These predictions are part of a 4-month outlook produced monthly by the National Interagency Fire Center (NIFC), a group of wildland fire experts from eight federal agencies that coordinates wildland fire resources across the country.

The most recent outlook, published 1 May, projects the likelihood of significant fires (defined as those that require an NIFC response) from May to August using long-term forecasts from NOAA’s Climate Prediction Center, current precipitation and drought conditions, and an assessment of the fuels available in different regions (like grasses, brush, and timber).

This year, 1,848,210 acres across the country have already burned—nearly twice the annual average over the past 10 years.

“It’s not necessarily a foregone conclusion that we’re going to have a really busy season, but everything is pointing that way,” said Jim Wallmann, a meteorologist for the U.S. Forest Service at the NIFC and one of the outlook’s authors.

Significant wildland fire potential will be elevated across much of the West and Southeast this summer. Click image for larger version. Credit: National Interagency Coordination Center, Public Domain Drought in the West

In the West, wildfire season typically peaks in late summer. This most recent outlook predicts an above-average significant fire potential for much of the West as the season peaks.

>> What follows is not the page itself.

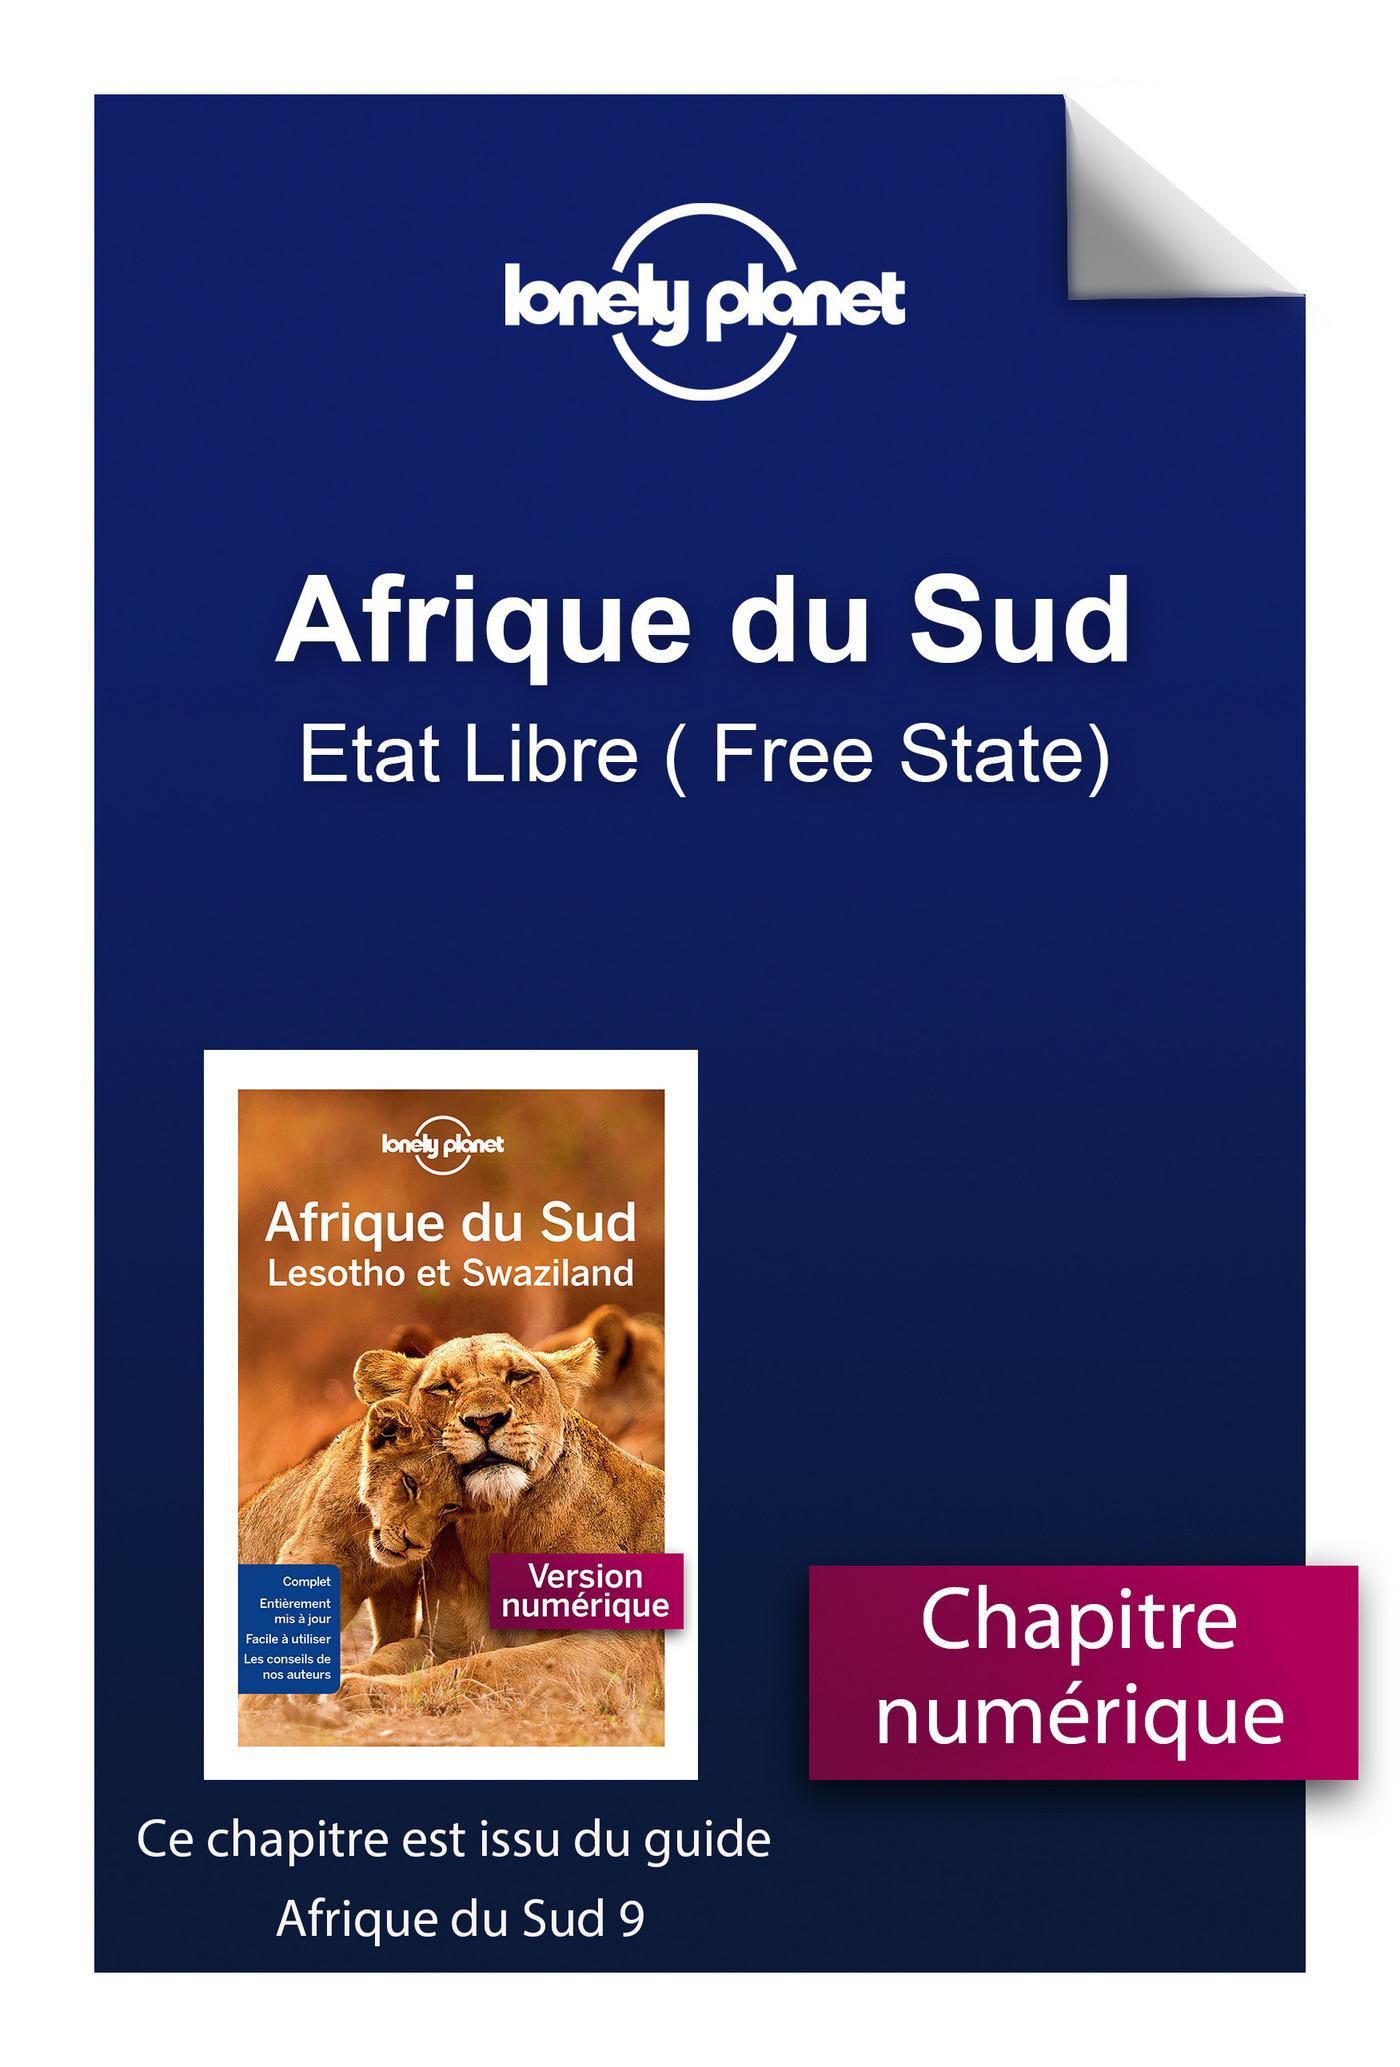 Afrique du Sud - Etat Libre ( Free State)

In May, the above-average risk is concentrated in eastern Arizona and western New Mexico, though that risk fades to normal by August as the Southwest’s monsoon season begins. In June, the above-average risk extends to western Colorado and parts of the Pacific Northwest. In July and August, that risk covers much of the Northwest, including Utah, Idaho, Oregon, Washington, and Northern California.

Above-average spring temperatures and a far-below-normal snowpack across the West are contributing to the elevated risk in Washington, Oregon, Idaho, and Northern California, in particular. Many river basins across the West contain less than 20% of their normal amount of snow, and some are already snow-free at all observed locations due to melting caused by warm temperatures in March.

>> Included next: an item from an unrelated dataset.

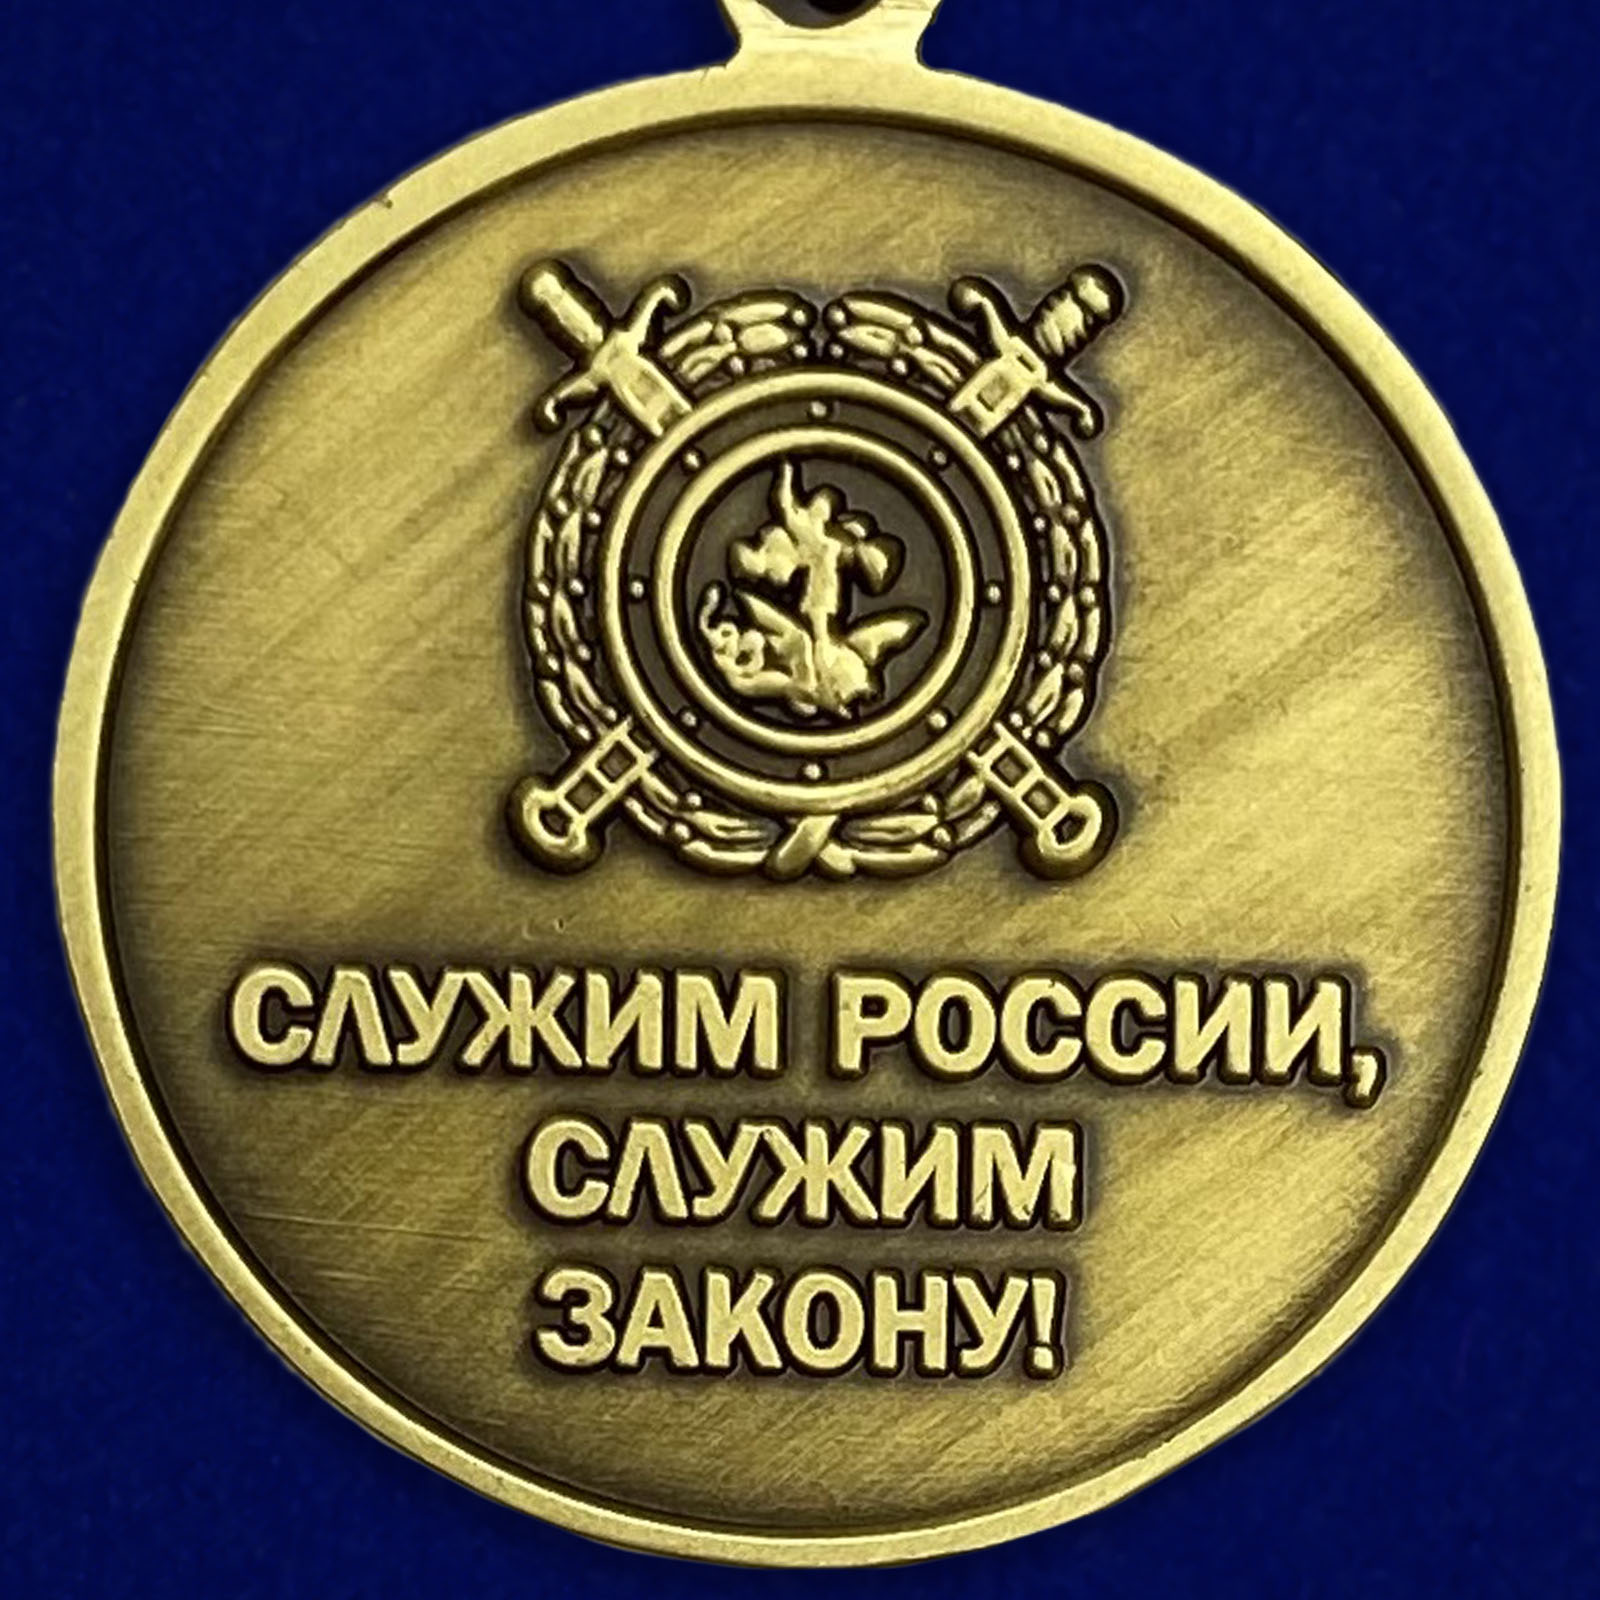 Медаль Ветеран МВД «Служим России, служим закону!» - лучшее качество

As of May, many river basins in the West have a snow water equivalent—the amount of water held in their current snowpack—that is less than 50% (in red) of the 1991–2020 average level. Credit: USDA Natural Resources Conservation Service, Public Domain

“The snowpack being lower this time of year, and melting out, affects the soil moisture throughout the rest of the summer, which then affects the fuel moistures,” said Craig Clements, a meteorologist at San Jose State University’s Fire Weather Research Laboratory who was not involved in the outlook. Early snowmelt also uncovers fuels, like pine needles and leaf litter, that would typically be under snow, exposing them to the air to dry and catch fire.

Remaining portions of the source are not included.